Yes, they need to compute the weights ones but not assigned it to the whole loss. Instead each pixel in the loss (before summing it in both directions) should take a weight. So overall 'weights' is a tensor just like the others. Lets say there are only two classes, and frequency of $ C_1 $ is twofold of $ C_2 $. One of the pixel is corretly predicted as $ C_2 $ with confidence [0.3 0.7] . The loss is $ sum([1, 0].*log[0.3, 0.7]) $. When the weight is included the loss is $ sum([1, 0].*log[0.3, 0.7] * 2) $, because $ C_2 $ should take twice to make a balance. So for each pixel, weight is either 1 or 2 depends on which class it belongs to. This construct a weight matrix. However it can be convenient to think it as tensor because, the weight value correspond to the other class multiplied by 0 in 'true_dist'. In this case the loss for single pixel can be written as $ sum([1, 0].*log[0.3, 0.7].*[2, 1]) $. So it doesn't effect the result.
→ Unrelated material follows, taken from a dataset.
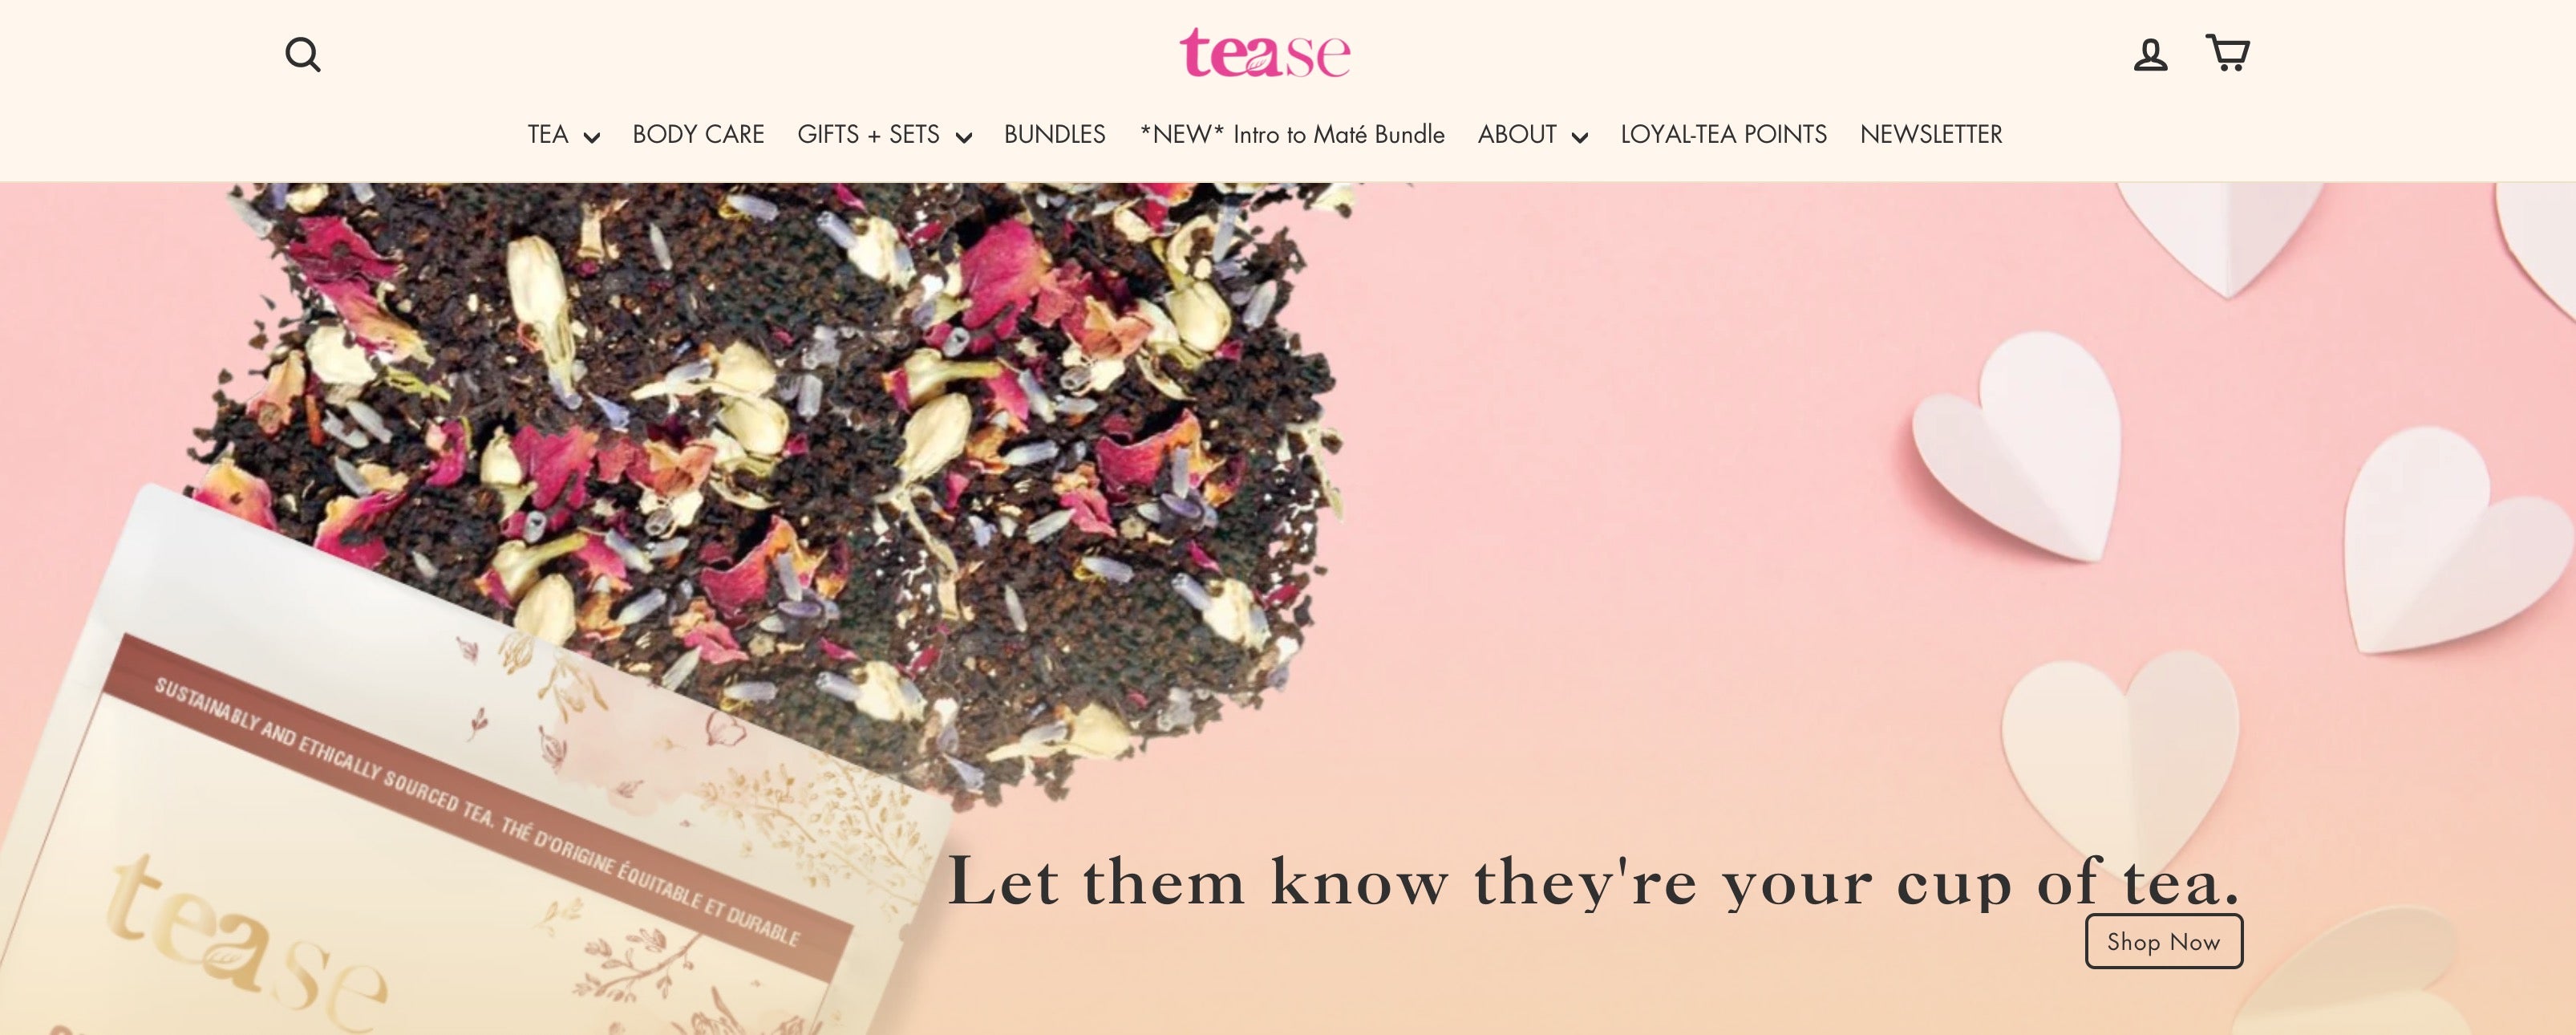 teaste tea website

In this way you can make a point-wise multiplication.
PS: It didn't fit to the commment section
EDIT: I can't edit your code because the weight calculation section is not included. If you calculated weights for N classes, then its a 1XN vector. You will construct a 3D array, $ W_{ijk} $, with these weights. The first and second dimension of this array corresponds to 'img_col' and 'img_row' respectively. The third dimension will be a function of 'true_dist', $ T_{ijk}$, at corresponding pixel. I guess you are confused in here, so I will try to be more open at this point. Lets say N is 4 and the weight vector you calculated is denoted as $ w = [w_1,w_2,w_3,w_4]$. The weight values are inversely correlated with frequency of each class'. If a pixel $ (a,b) $ belongs to class $ C_3 $ then T_{ab.} = [0, 0, 1, 0] and $ W_{ab.} = T_{ab.}.*([w_1,w_2,w_3,w_4]) = [0,0,w_3,0]$ where $ .* $ is point-wise multiplication. So only 3rd class' weight value will effect for that individual pixel (a,b). As you see $ W $ is a function of $ T $. What you need to do evaluate $ W $ before passing in to the loss. You can make a function which take $ T $ as input.
The 'weights' in the code is denoted as $ W $ (capital) is a 3D array. $ w $, vector, corresponds to reverse frequency values for each class.
EDIT2: Sorry for the mess I created in here. You don't need to make point-wise multiplication to create $ W_{ijk}$ because it is already done in loss function. So just replicate $ w $ to each pixel of $ W $.
$ \forall (a,b), W_{ab.} = [w_1,w_2,w_3,w_4]$
Best Answer
An easy way to do this would be to simply assign weights so that they upweighted classes all have equal weight to the unweighted largest class. So in your case you would assign a weight of A/B to B, A/C to C, A/D to D and not weight A at all.